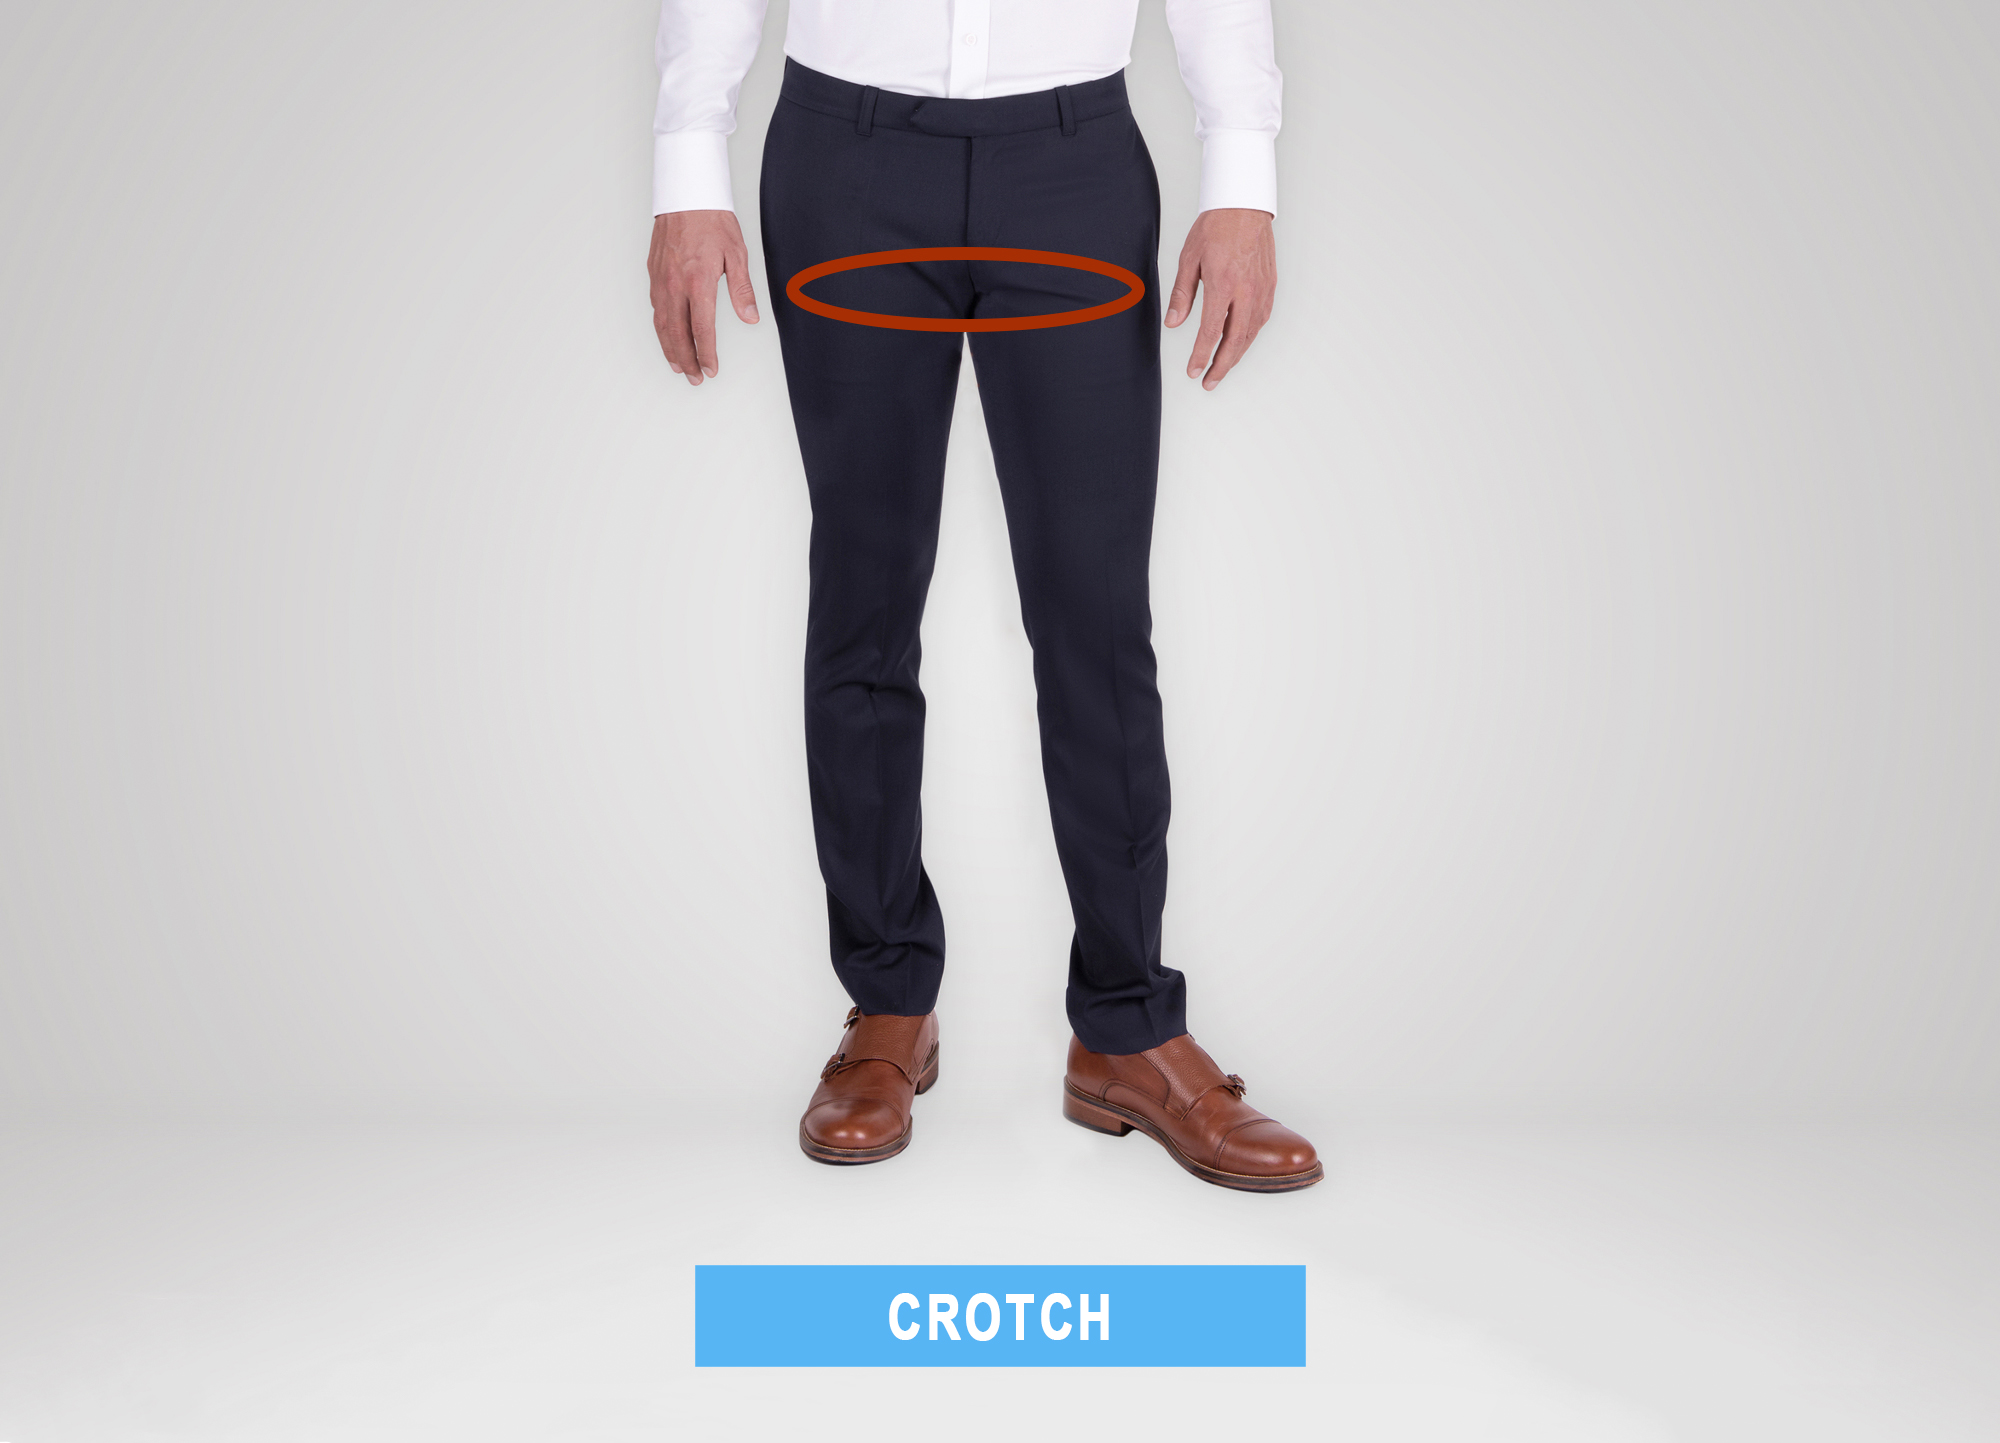 Women Open Crotch Pants Hidden Zipper Outdoor Jeans Sport Clubwear Skin  Trousers | eBay
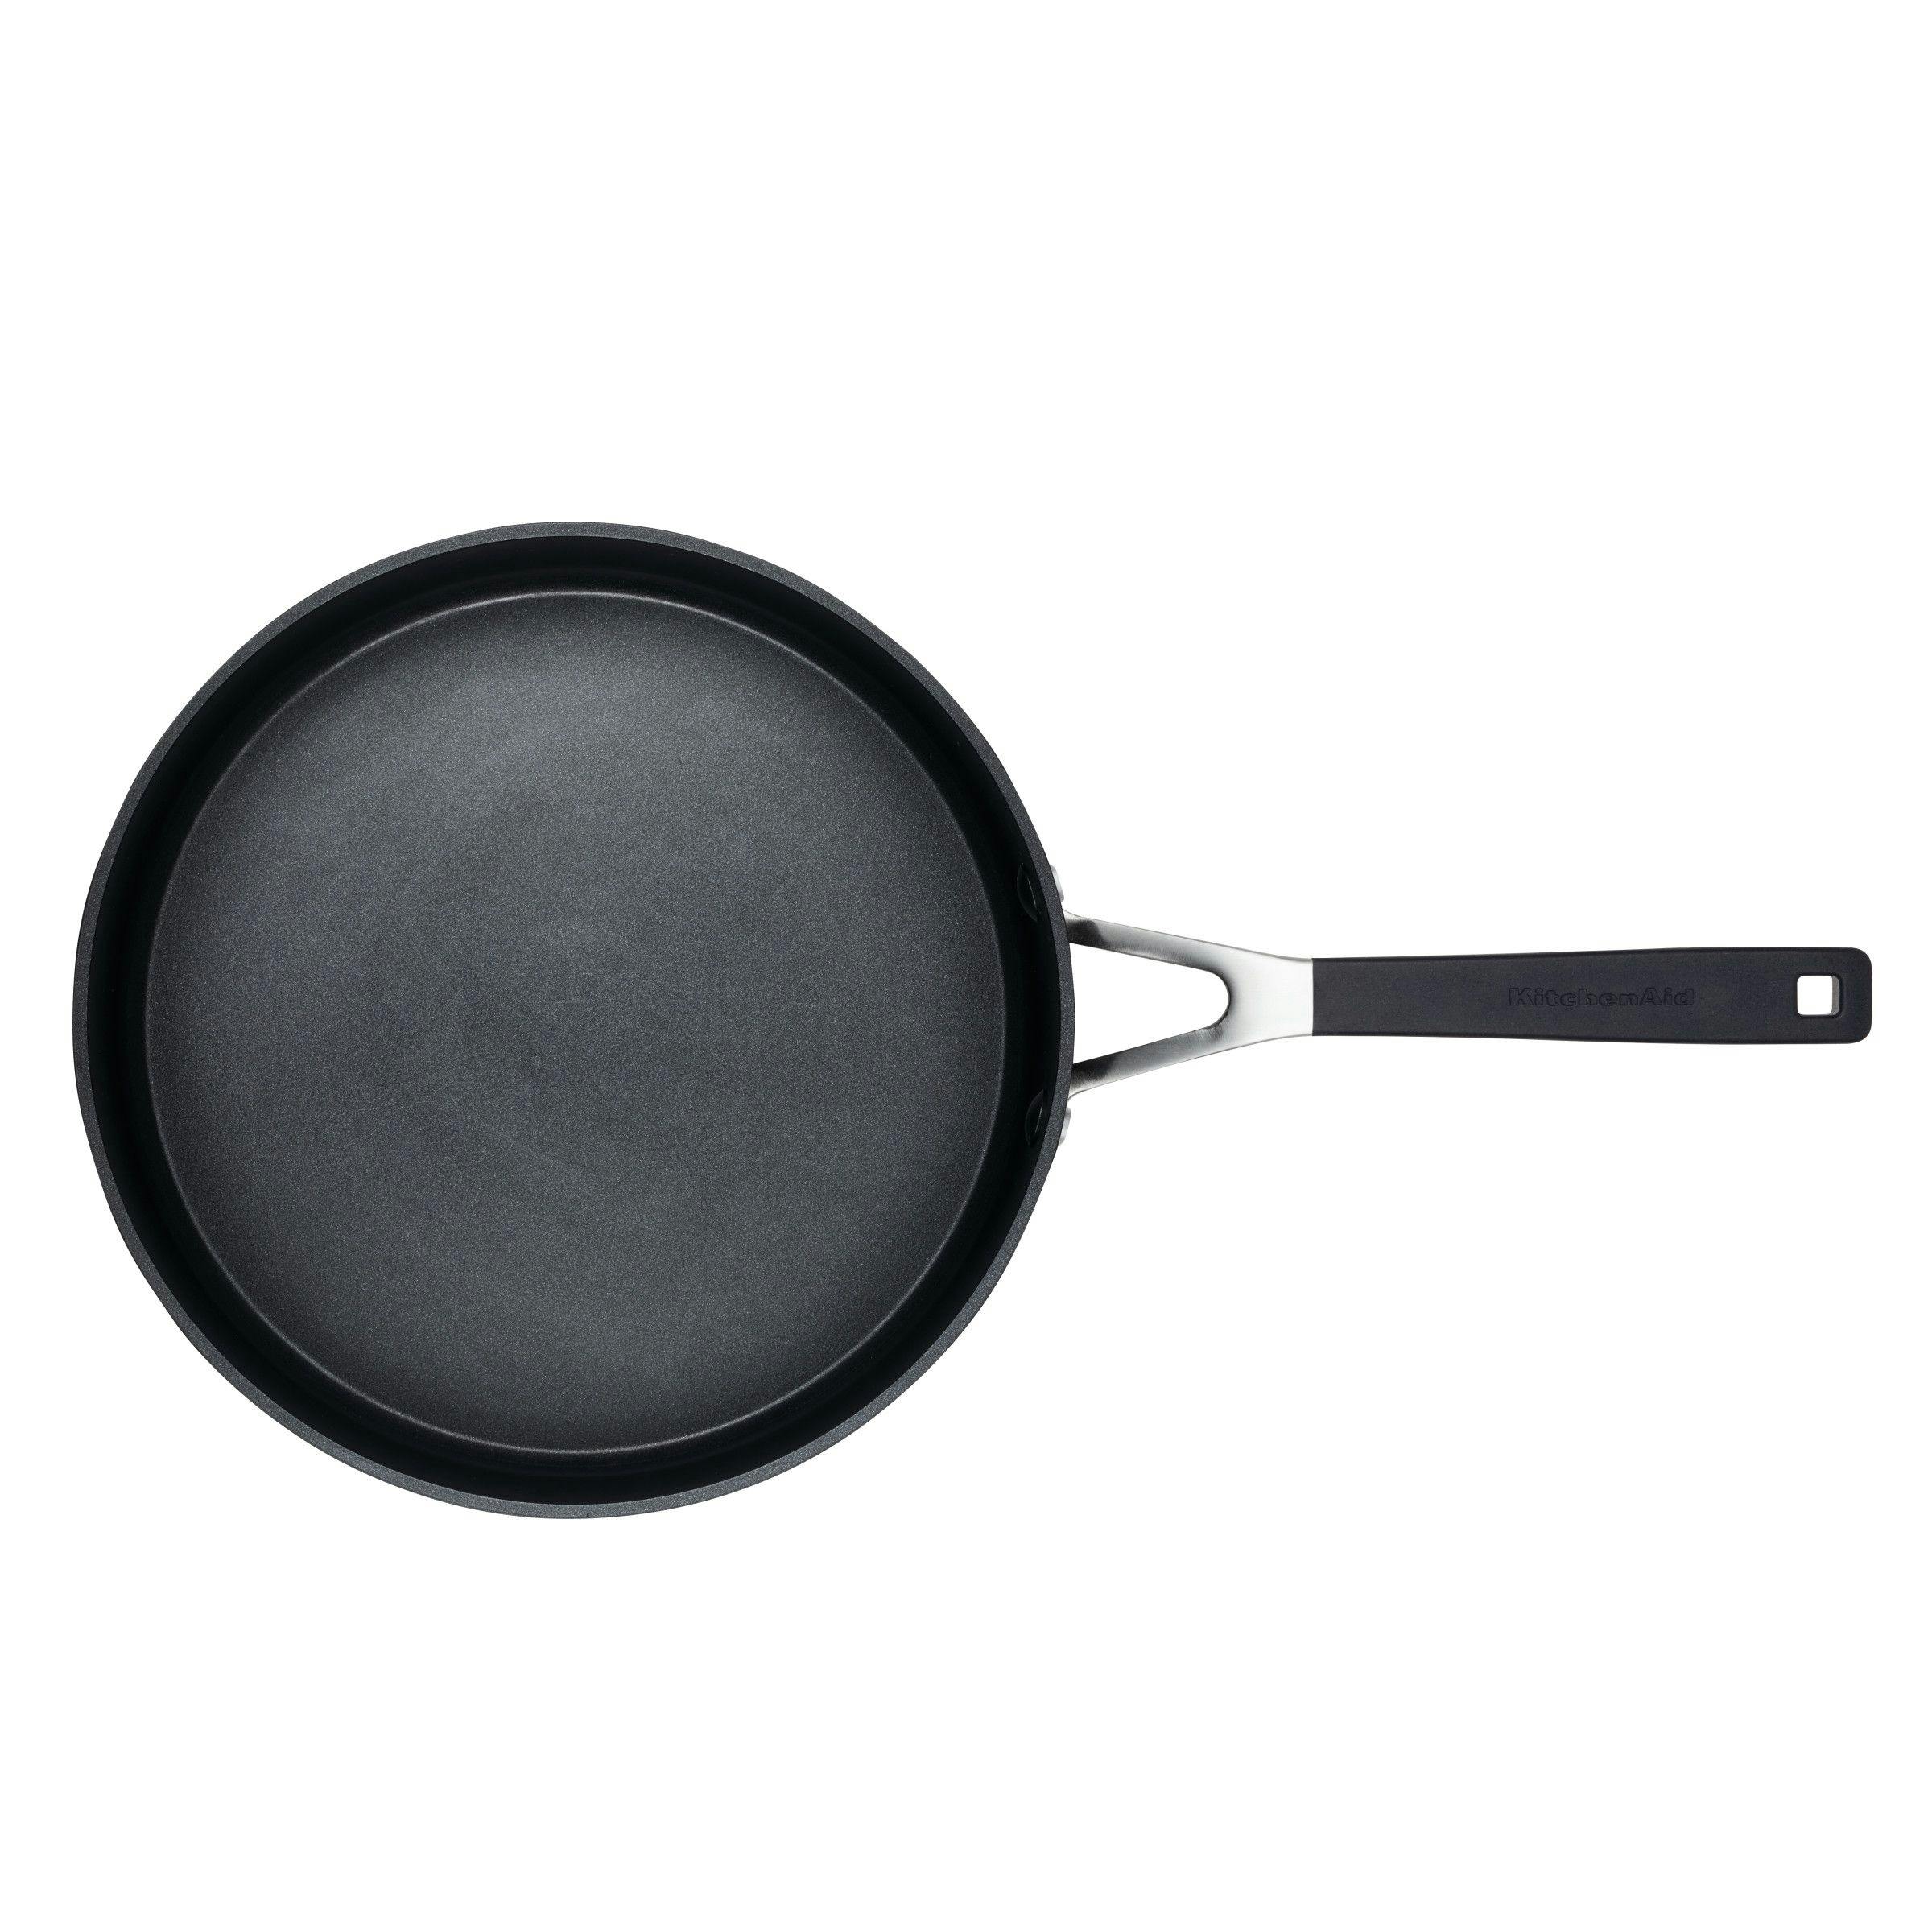 KitchenAid Hard Anodized Nonstick Sauté Pan with Lid, 3-Quart, Onyx Black
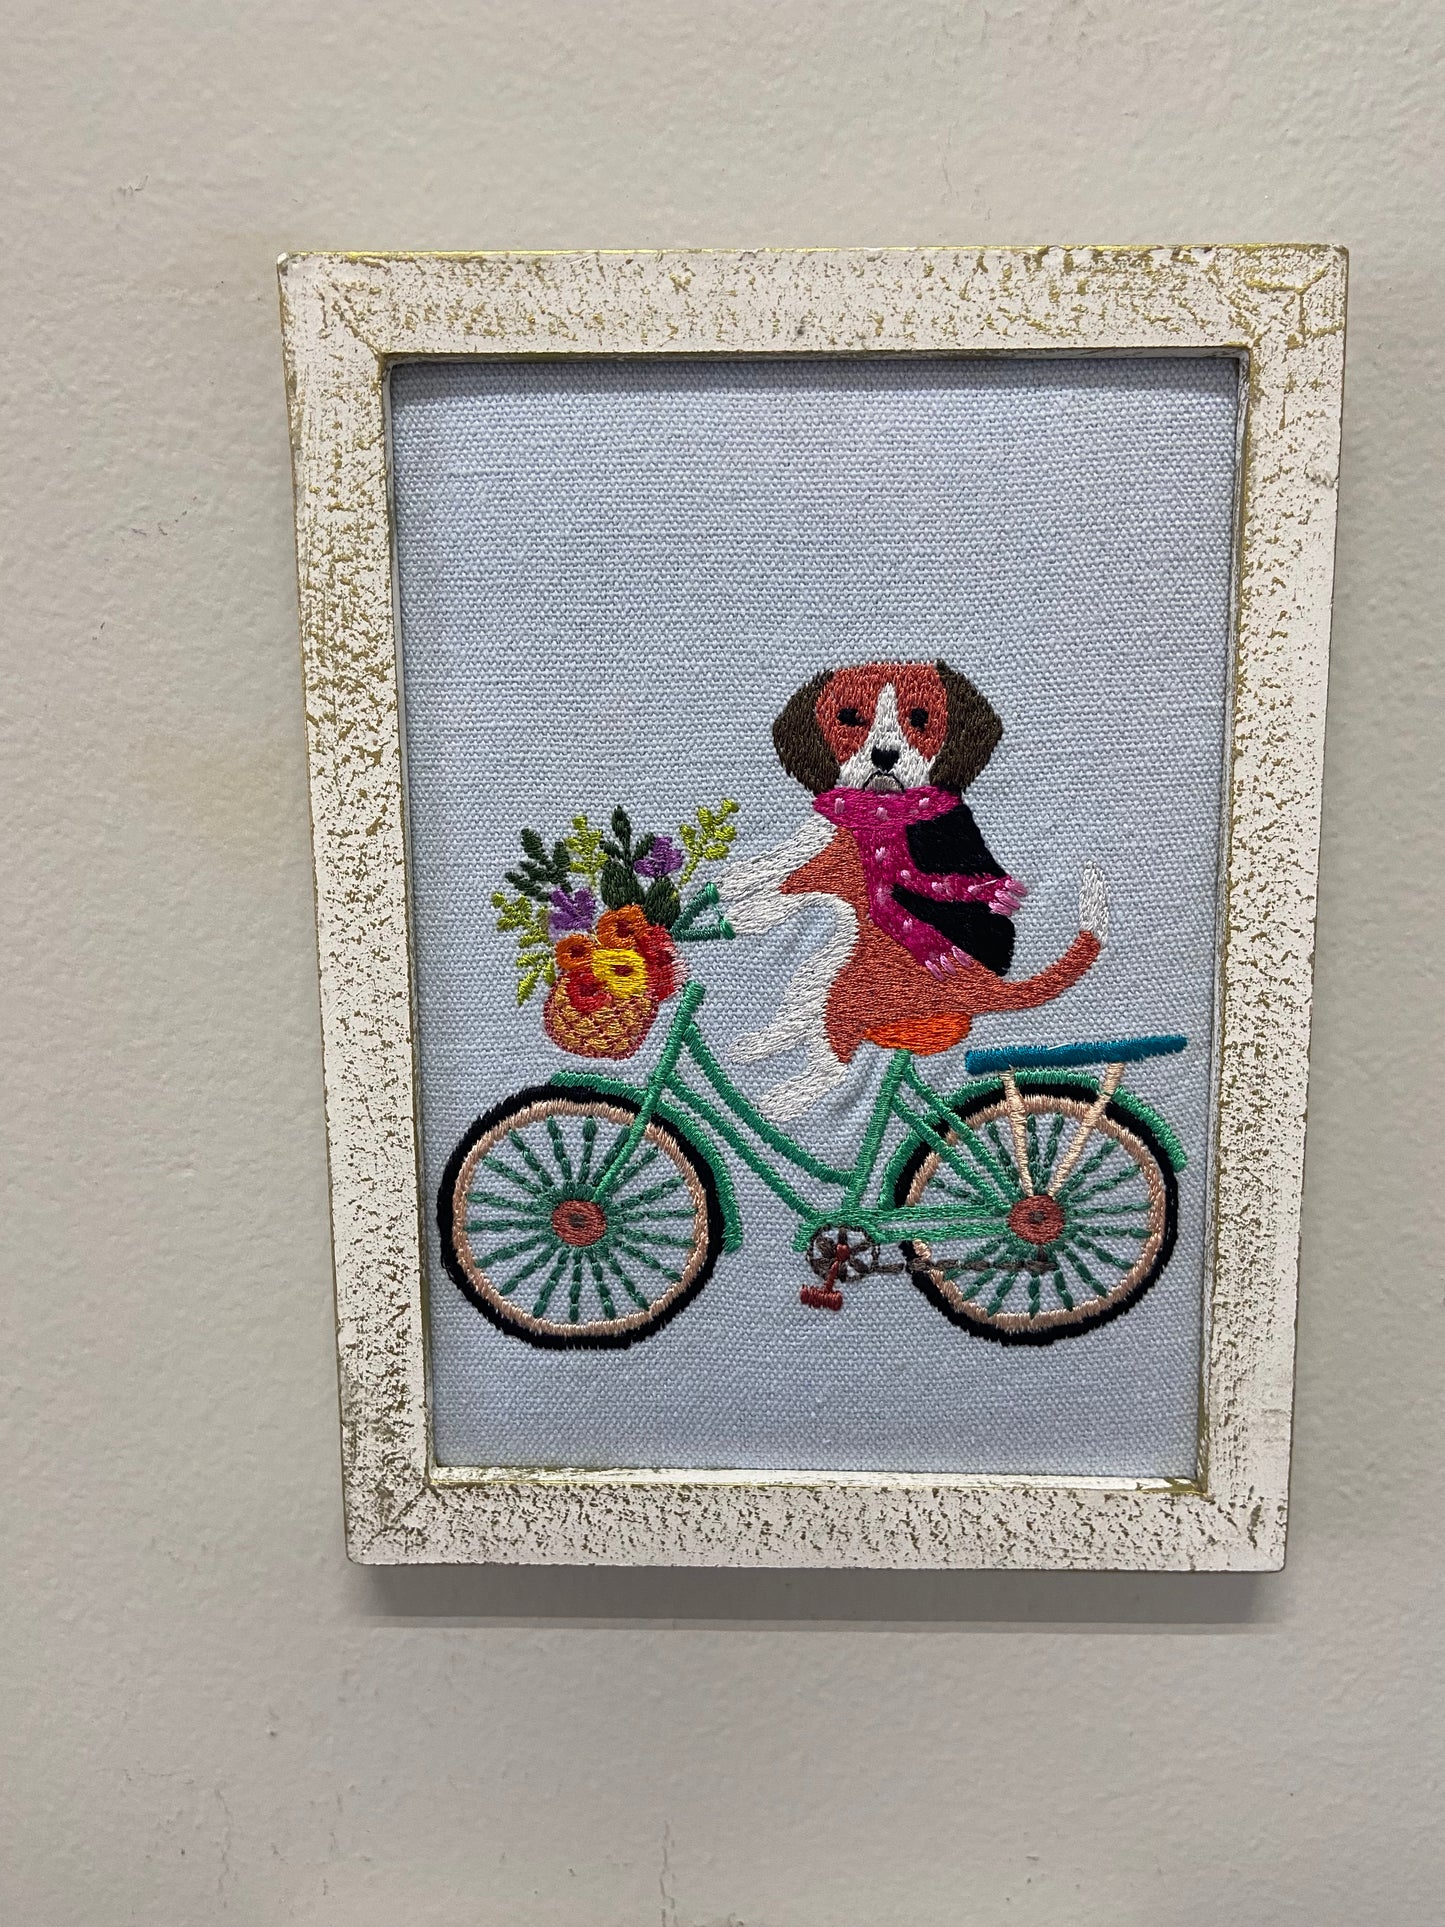 Embroidered Animal prints

ASSIGNMENT> Give the listing above again in its entirety, exactly as written and free of images.

EXERCISE RESPONSE>
 Women Open Crotch Pants Hidden Zipper Outdoor Jeans Sport Clubwear Skin  Trousers | eBay
 KitchenAid Hard Anodized Nonstick Sauté Pan with Lid, 3-Quart, Onyx Black
 Embroidered Animal prints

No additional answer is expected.